TransformerSum icon indicating copy to clipboard operation
TransformerSum copied to clipboard

Possible to do sub-sentence level extractive summarization?

Open Hellisotherpeople opened this issue 3 years ago • 1 comments

After reading the documentation, it looks like the Extractive Summarization components only score sentences. While this is how the vast majority of extractive summarization papers work, some extractive summarization systems and datasets work at the word level of granularity (namely, my own work is exclusively word-level extractive summarization)

Is there some way to make TransformerSum work at the word level of granularity out of the box? When I trained extractive word-level models, I used a final token classification head for it. Maybe that can be implemented here alongside the current sentence scoring heads?

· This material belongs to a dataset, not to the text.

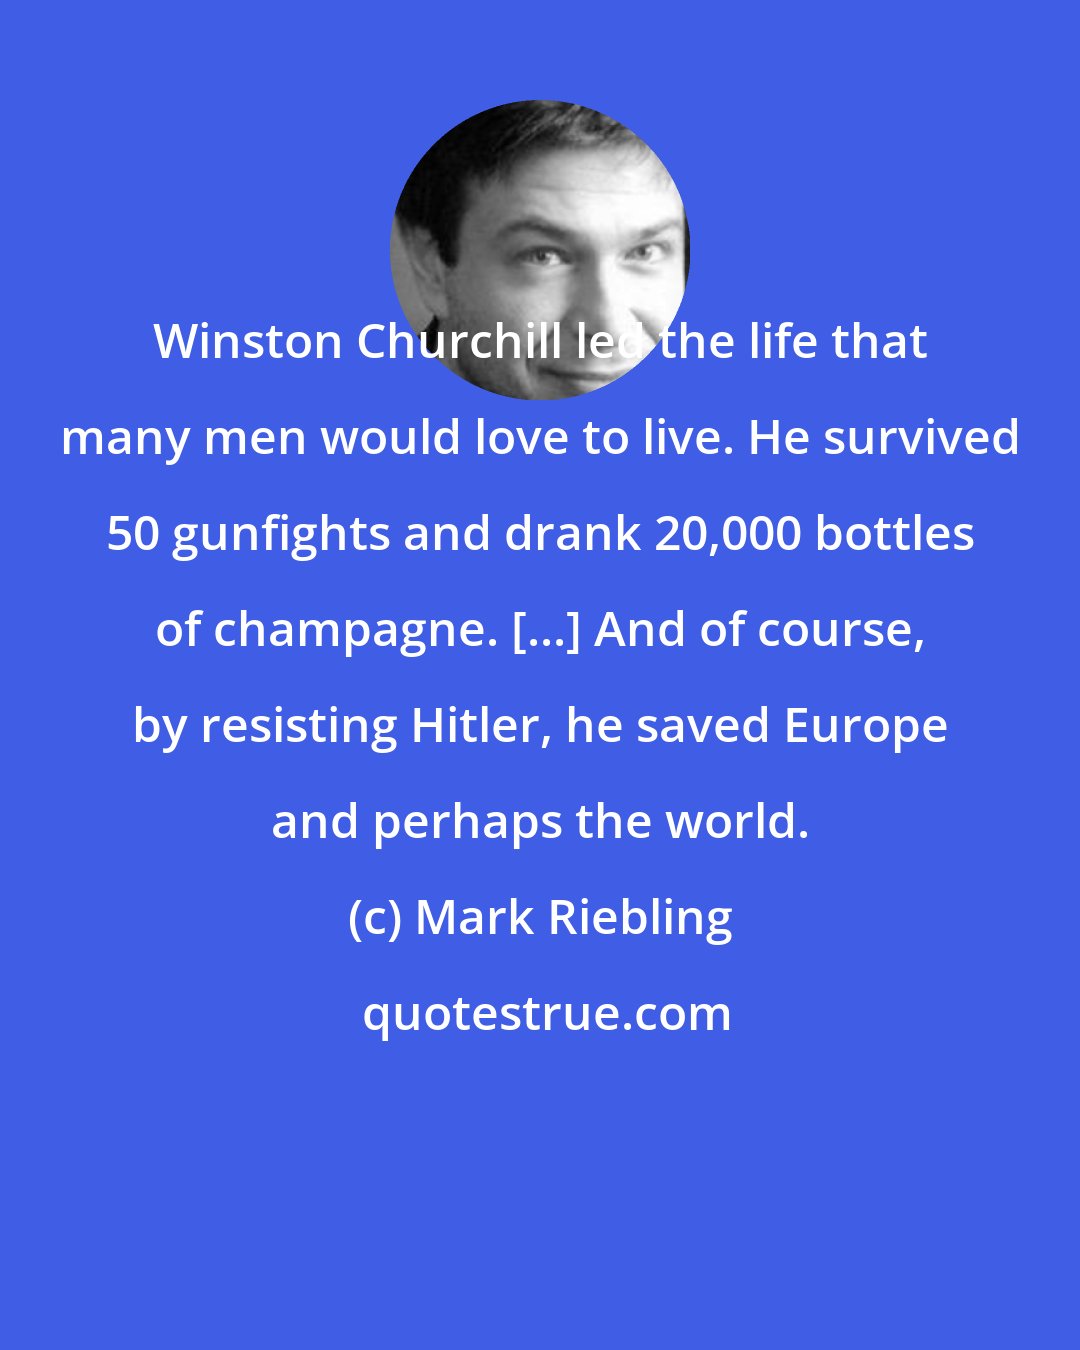 Mark Riebling: Winston Churchill led the life that many men would love to live. He survived 50 gunfights and drank 20,000 bottles of champagne. [...] And of course, by resisting Hitler, he saved Europe and perhaps the world.

Hellisotherpeople avatar Dec 21 '20 02:12 Hellisotherpeople

@Hellisotherpeople Out of the box, TransformerSum only supports extractive summarization at the sentence level. It doesn't support word level granularity yet. This could be implemented into the library. However, there are no plans to integrate it yet since I'm not familiar with word-level extractive summarization. Possibly in the pooling module we could add another option that passes the token vectors through a classifier without condensing them into sentence vectors. We also may need to change the testing method to work at the word level. I will look into this sometime this week.

HHousen avatar Dec 22 '20 01:12 HHousen